ASSIGNED TASK =
All the data should be repeated exactly. Any image in it is left out.

DATA EXTRACT =
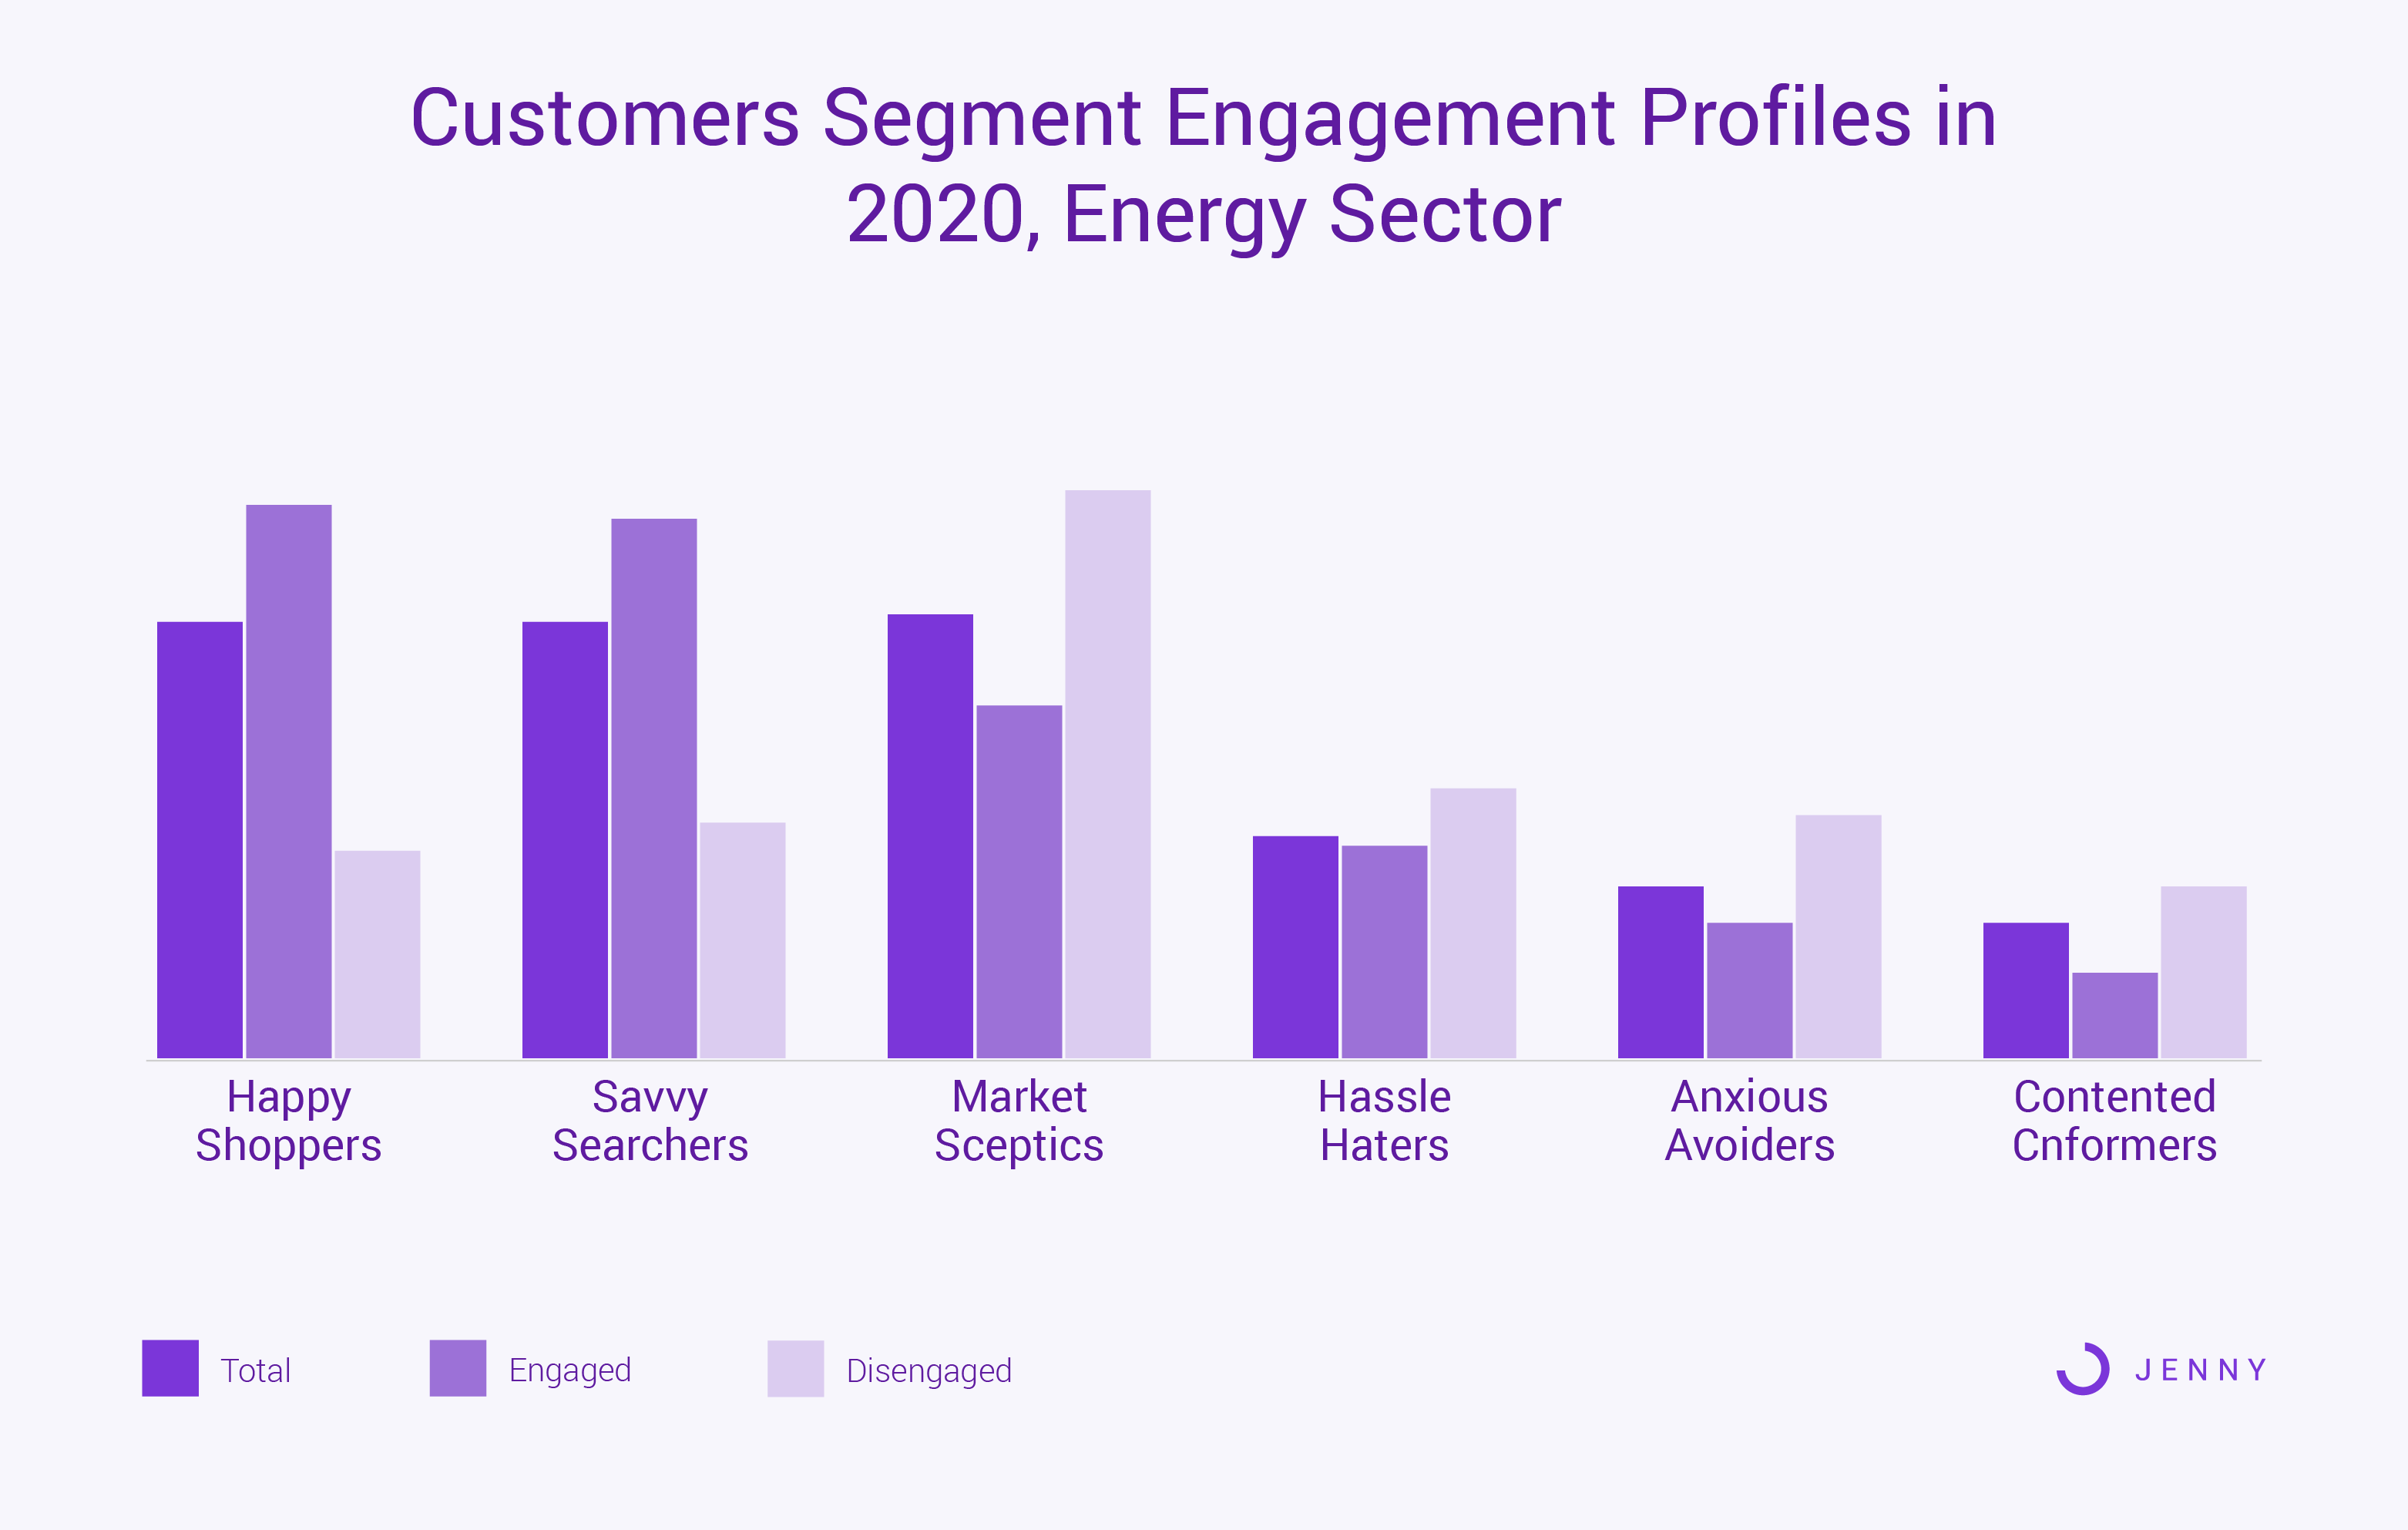 energy sector customers segment getjenny-01
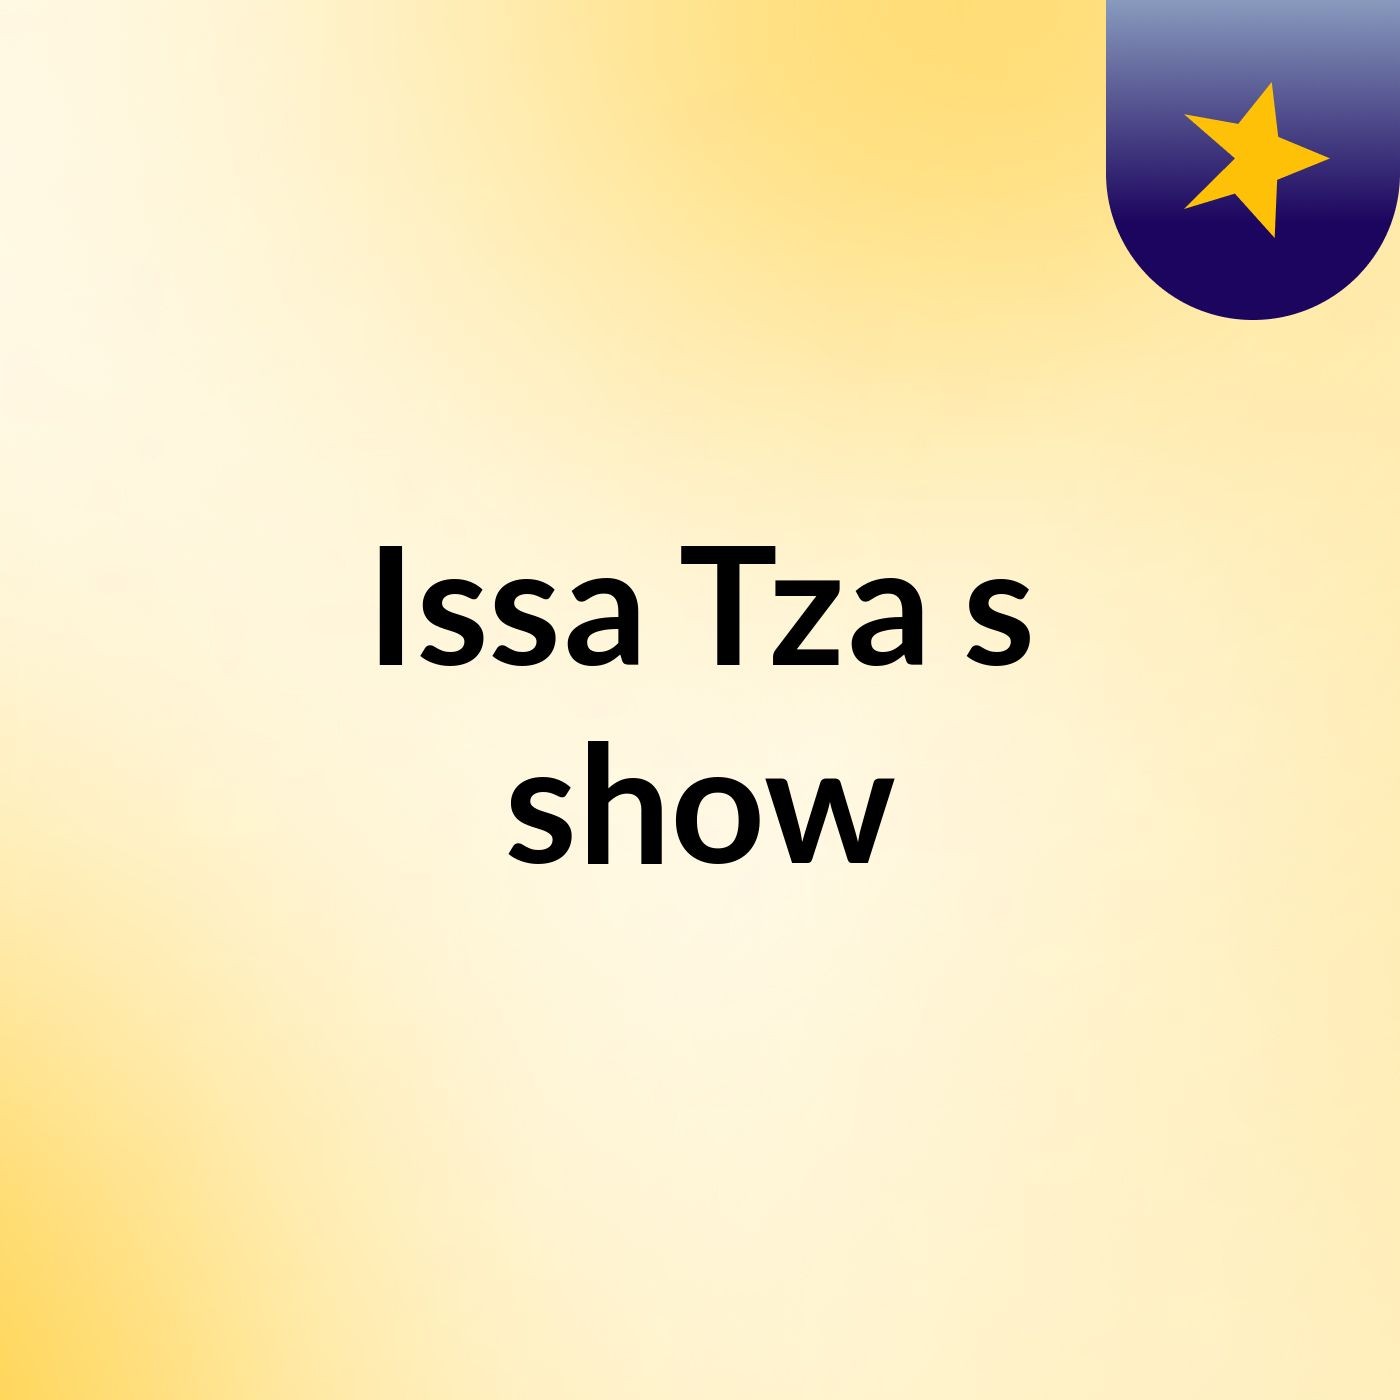 Issa Tza's show
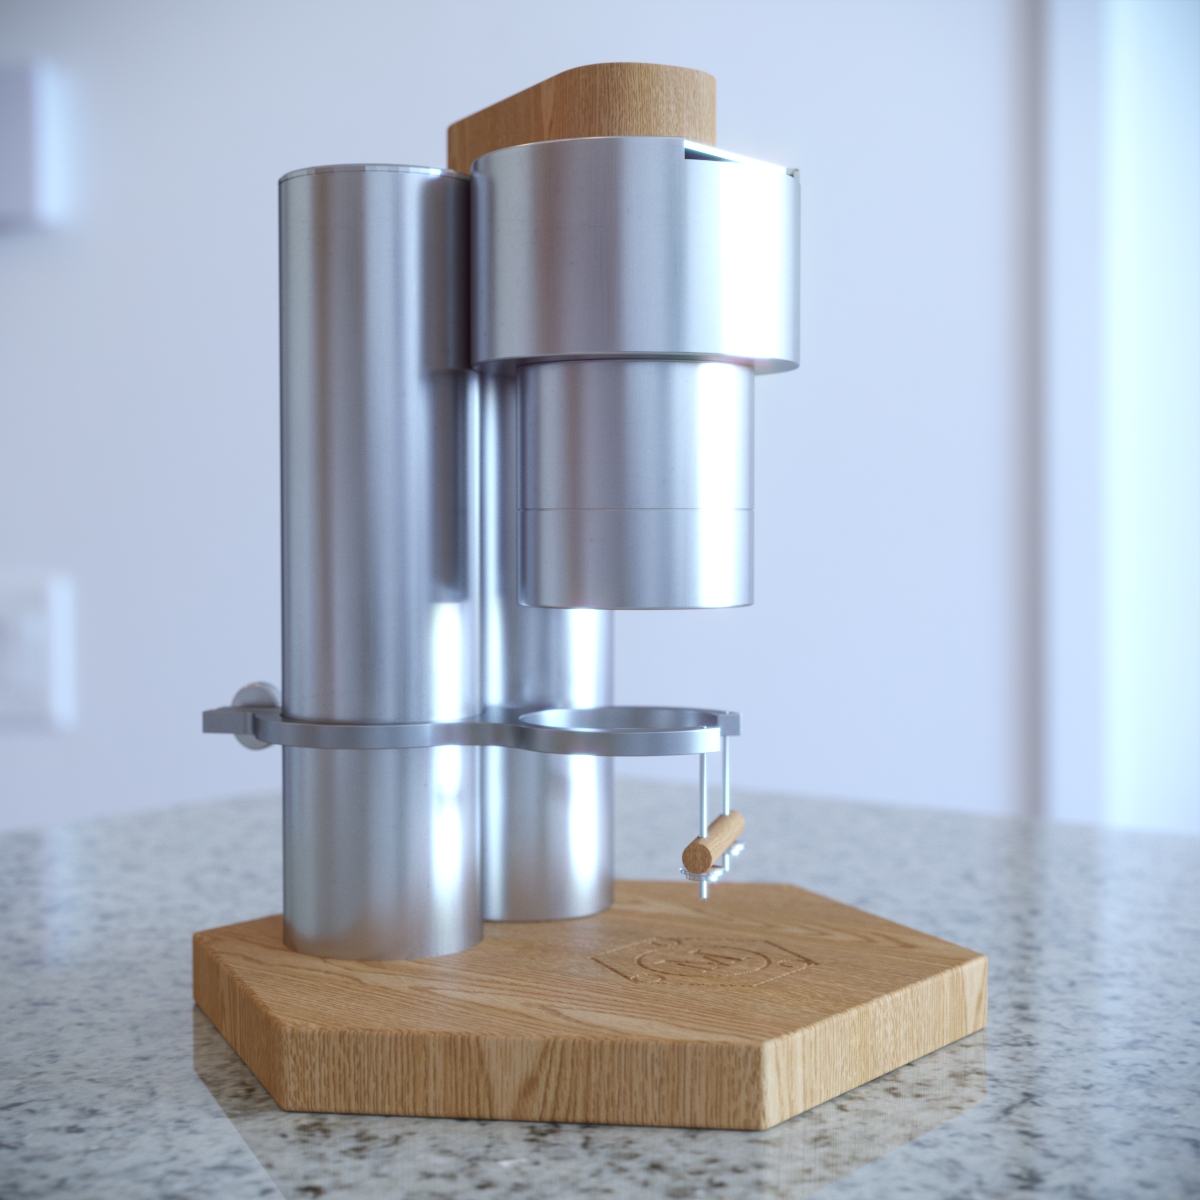 Mola-e coffee grinder

FINAL ANSWER =
 energy sector customers segment getjenny-01
 Issa Tza's show
 Mola-e coffee grinder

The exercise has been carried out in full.